Такой уж он, Гадди, любит пошутить, но вполне беззлобно. Вот только соперничества не терпит, и, если заупрямится, ничем его не переубедишь, хоть об стенку головой бейся. Как с той Новенькой, полгода назад. Он тогда сказал: биполярка, я: аутоагрессия. А потом выяснилось, что у нее руки-ноги в порезах. Одни уже затянулись, другие еще кровоточили, но главное, все они были в форме цветка. Веришь ли, иногда даже в самых ужасных вещах столько очарования… Ты-то себя не режешь? Дай руки гляну. Новенькая протягивает мне обе руки и подмигивает, что я воспринимаю как «нет». Касаюсь ее пальцев, а они холодные и негнущиеся, как дверная ручка, и я тут же их отпускаю. А секреты хранить умеешь? Она, не ответив, снова подмигивает, что я воспринимаю как «да». Так вот, однажды я подожгла Полумир.
Правило номер два: мама всегда права.
Одна из обязанностей Жилетт – по вечерам ходить проверять, все ли мы в своих койках или залезли в чужую и натираем одна другой подружек, после чего раздает нам по Серому леденцу для Добрых Снов. Должна признать, она не худшая из надзирательниц, а волосы на лице… ну, что тут поделаешь? В конце концов, как всегда говорила Мутти, уж лучше на лице, чем на языке. Ага.

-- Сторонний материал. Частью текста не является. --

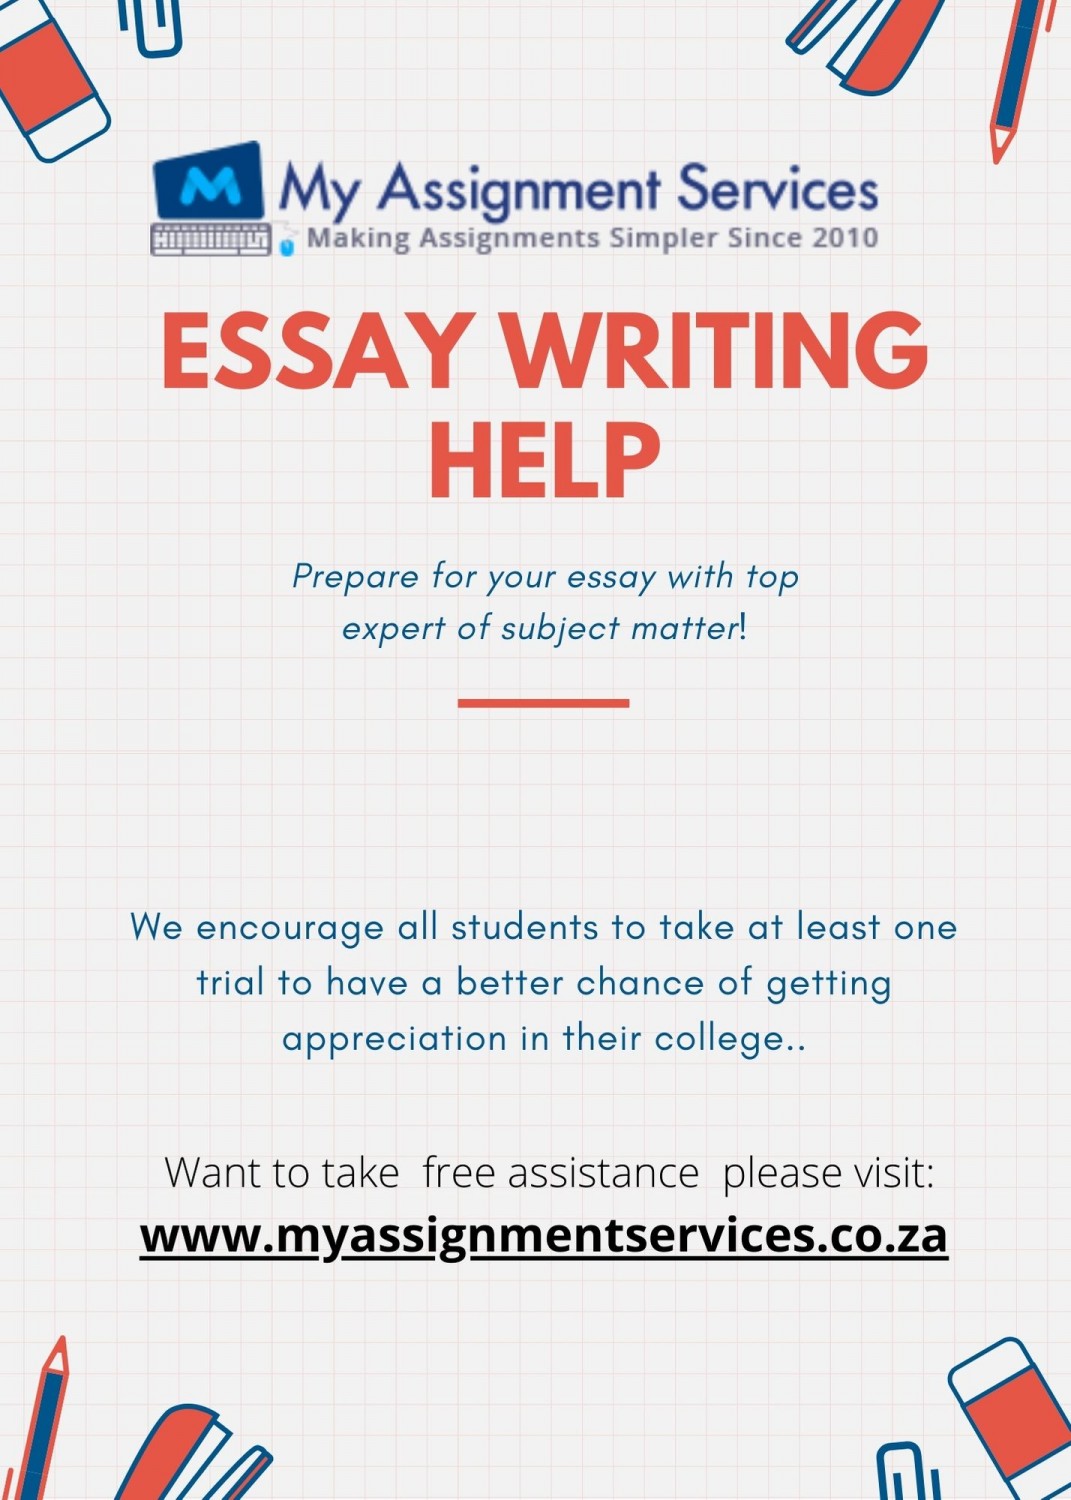 A flyer poster shows about essay writing help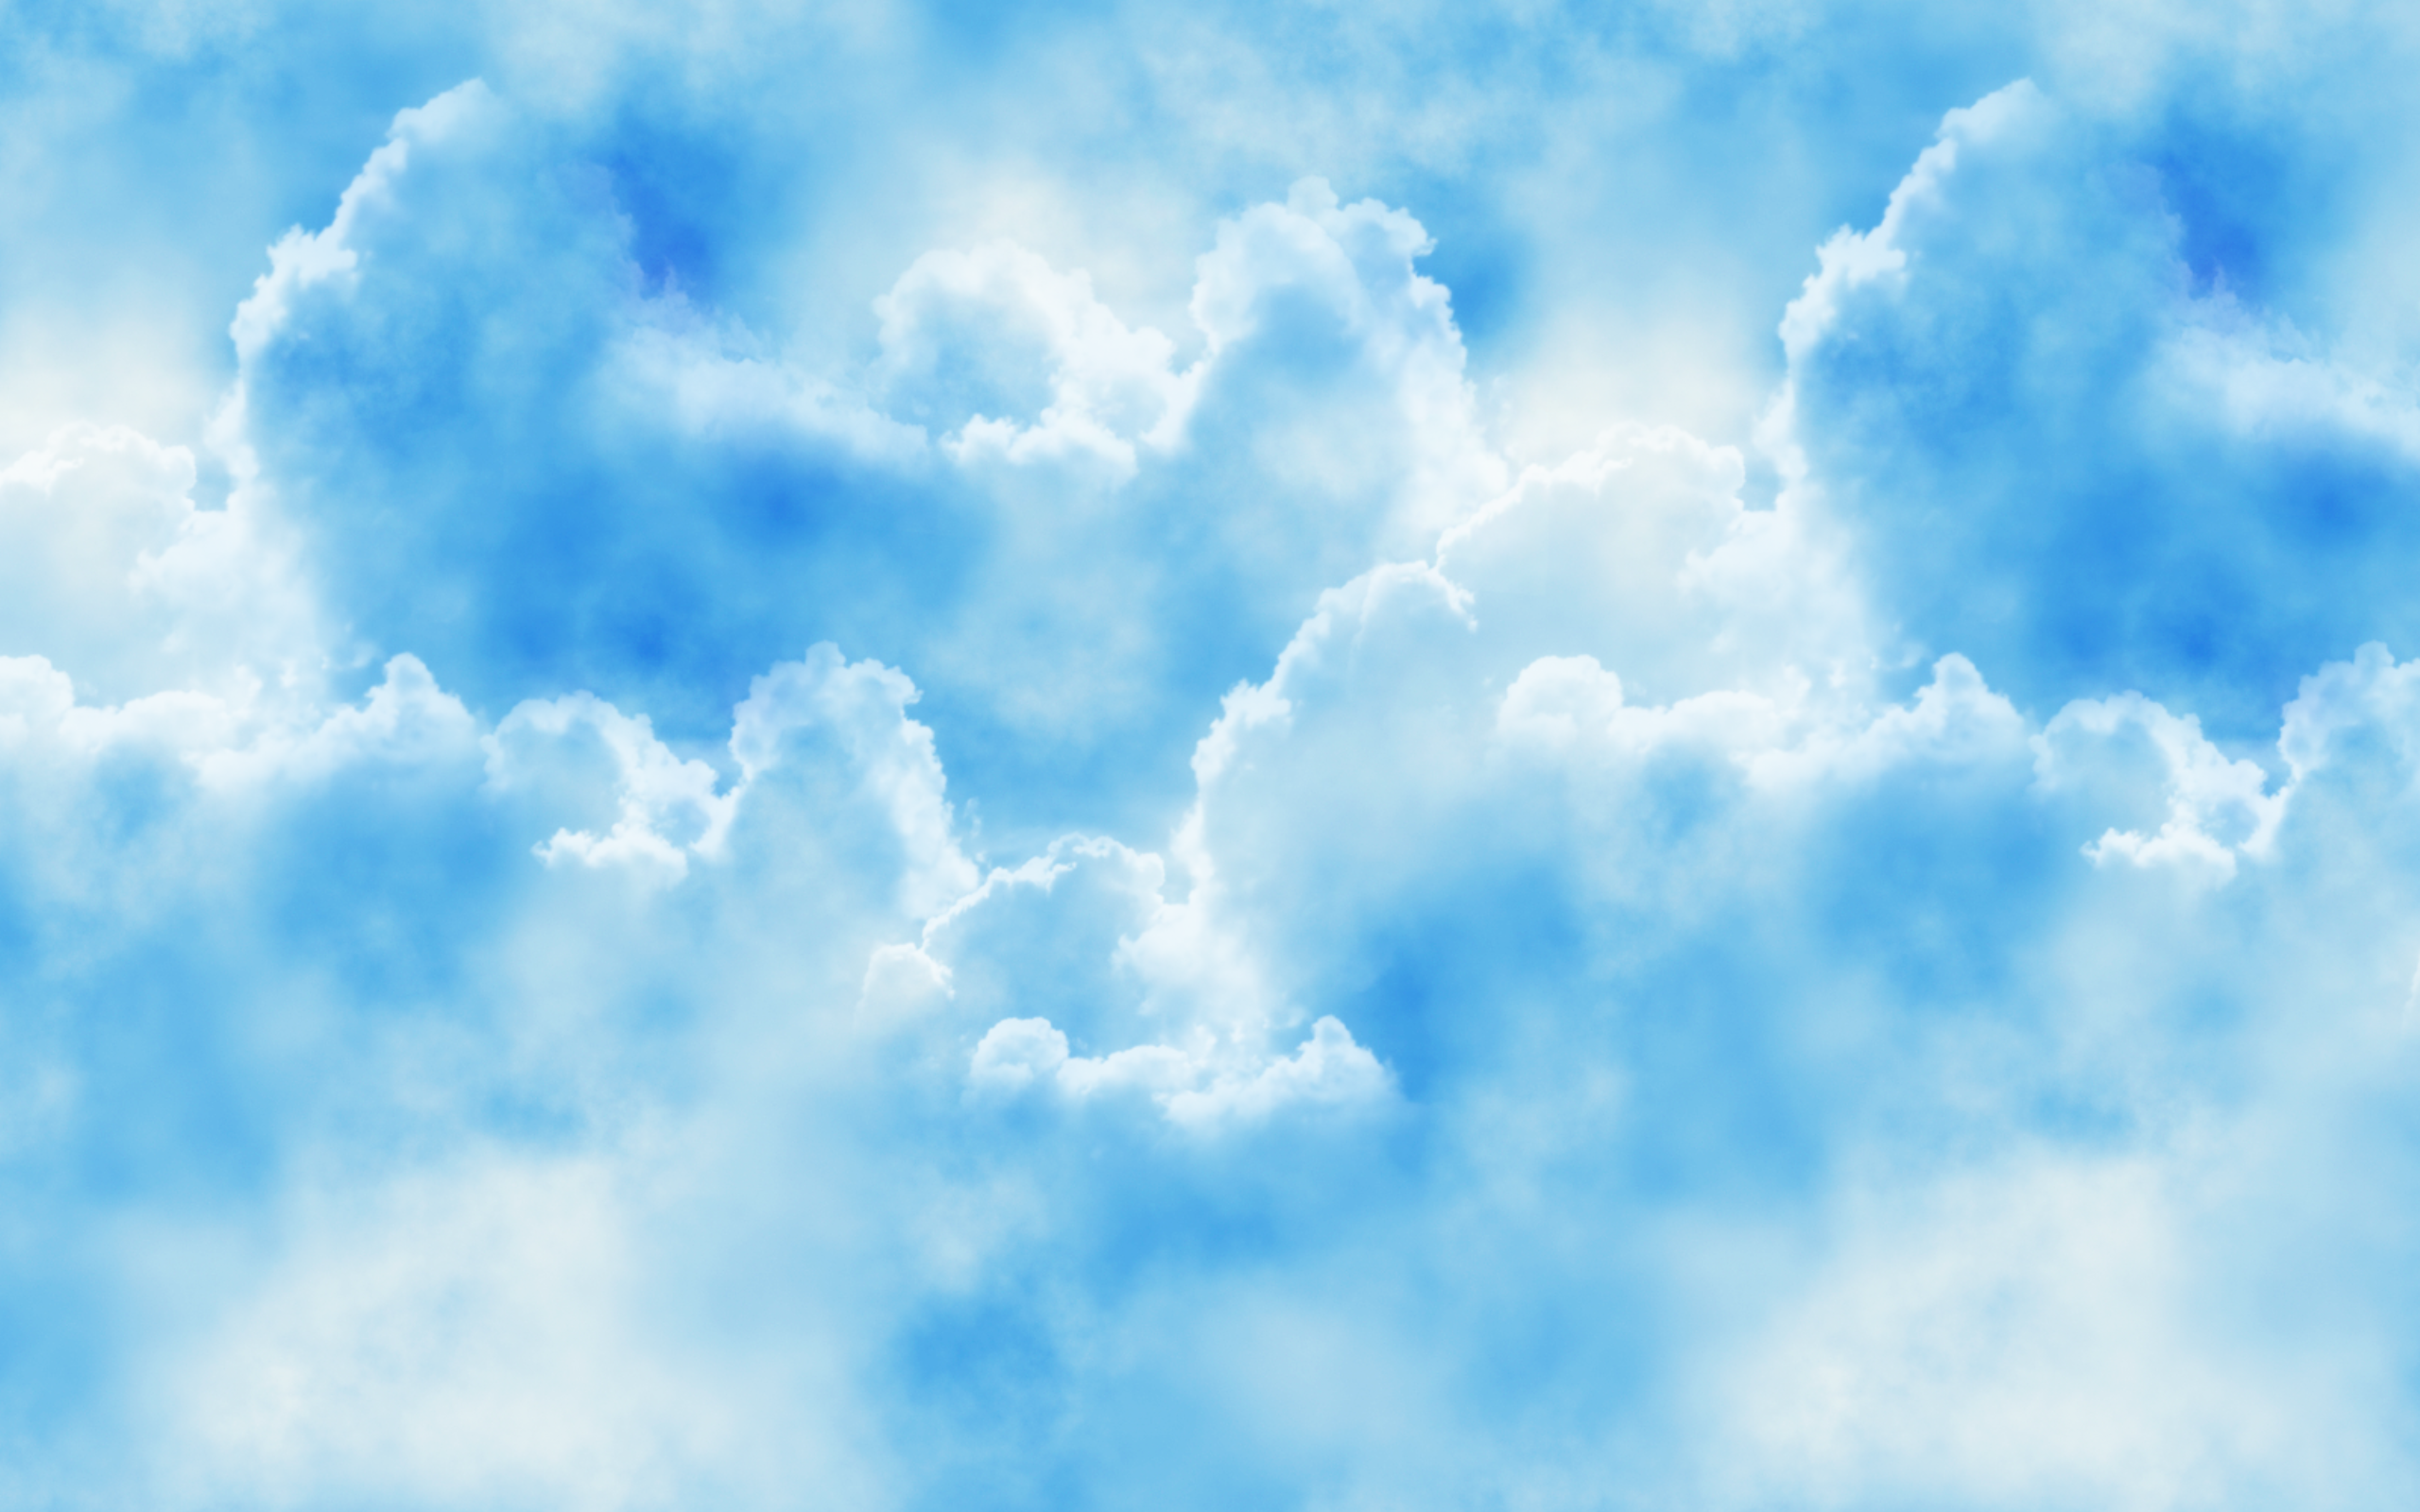 chicken nuggets sky backgrounds

В Жилетт вообще много мужского: низкий голос, сильные руки, легко справляющиеся с ремнями, бакенбарды и хриплый кашель. Но в глубине души она добрая и редко кого-то связывает по собственному желанию, без приказа Гадди. Впрочем, свои любимчики есть у всех, есть и у нее. Ведь в Полумире, как и во внешнем мире, каждому что-нибудь да нужно: когда любовь, когда одиночество, когда успокоительное, а когда все сразу. И ради этого мы готовы на любой поступок, хороший или дурной, готовы даже мурлыкать и мяукать, потому что мы же кошки. Просто особого рода.
Я у Жилетт любимица, но до пожара целовала ее только в обмен на ватные тампоны. Один поцелуй – один тампон, один тампон – один поцелуй. Ватки эти я смачивала спиртом: отговаривалась, что буду их нюхать перед сном.
– Возьми лучше Серый леденец для Добрых Снов, – отвечала она.
– Да он не действует, я просто лежу с открытыми глазами – и все. Дай мне ватку, Жилетт, от запаха спирта меня клонит в сон. А я взамен – то, что тебе нравится, ага?
Она плескала немного спирта на клочок хлопка, мигом окрашивающийся розовым, а я чмокала ее шерстку, мягкую, как у новорожденного щеночка.
А ты знаешь, что здесь, в Полумире, есть собаня? Наня-собаня? Это против правил, но все ее гладят и при случае дают кусочек черствого хлеба или сырную корку. А Гадди – только пинка под зад: говорит, что в нашем зверинце и так всяких тварей полно и что его здесь главврачом поставили, а не бродячих собак ловить, в противном случае он требует прибавки к жалованью.
Но Наня-собаня не из тех, кто вешает нос, услышав отказ. Только Гадди за порог, ее симпатичная острая мордочка тут же является снова. Если в Полумире что и случается, то не один раз, а сотню подряд, по кругу, как повторы эпизодов «Счастливых дней», которые в конце концов уже наизусть знаешь.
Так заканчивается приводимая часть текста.